Right now, there are multiple theories floating around --- and it may
be that more than one of them are true (i.e., there may be multiple
bugs here).  Some of the possibilities, which again, may not be
mutually exclusive:

1) Some kind of eMMC driver bug, which is possibly causing the CACHE
FLUSH command not to be sent.

2) Some kind of hardware problem involving flash translation layers
not having durable transactions of their flash metadata across power
failures.

3) Some kind of ext4/jbd2 bug, recently introduced, where we are
modifying some ext4 metadata (either the block allocation bitmap or
block group summary statistics) outside of a valid transaction handle.

4) Some other kind of hard-to-reproduce race or wild pointer which is
sometimes corrupting fs data structures.


If someone has a easy to reproduce failure case, the first step is to
do a very rough bisection test.  Does the easy-to-reproduce failure go
away if you use 3.14?  3.12?  Also, if you can describe in great
detail your hardware and software configuration, and under what
circumstances the problem reproduces, and when it doesn't, that would
also be critical.  Whether you are just doing reset or a power cycle
if an unclean shutdown is involved, might also be important.

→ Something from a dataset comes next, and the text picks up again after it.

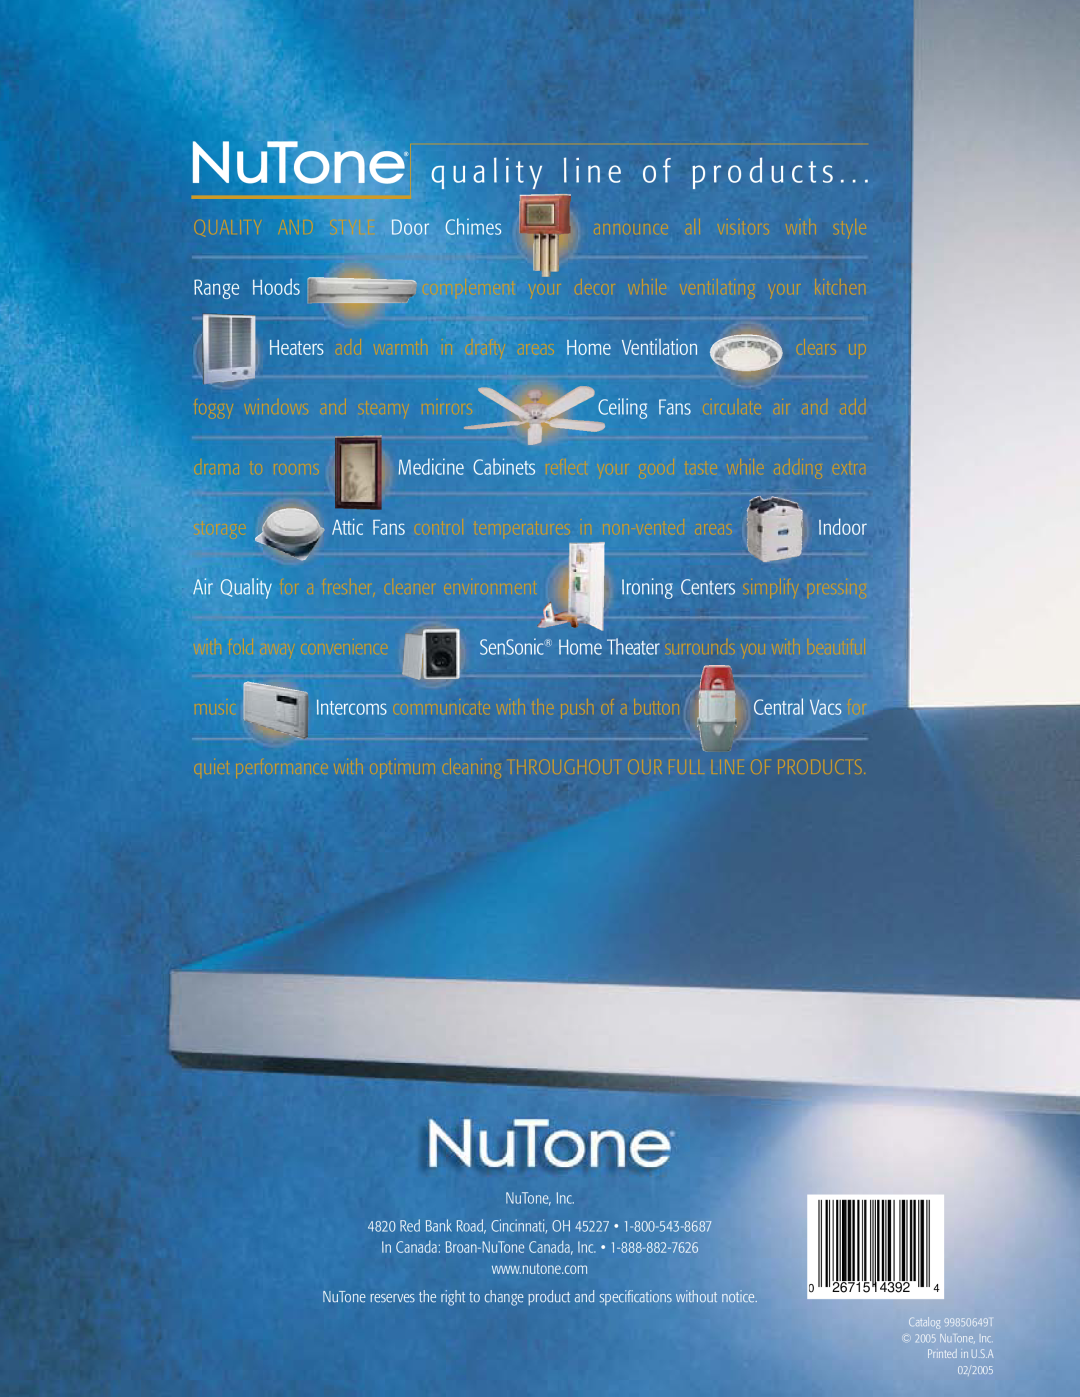 NuTone kitchen ventilation q u a l i t y l i n e o f p r o d u c t s, Door Chimes, announce all visitors with style, foggy

And at this point, because I'm getting very suspicious that there may
be more than one root cause, we should try to keep the debugging of
one person's reproduction, such as David's, separate from another's,
such as Matteo's.  It may be that there ultimately have the same root
cause, and so if one person is able to get an interesting reproduction
result, it would be great for the other person to try running the same
experiment on their hardware/software configuration.  But what we must
not do is assume that one person's experiment is automatically
applicable to other circumstances.

Cheers,

						- Ted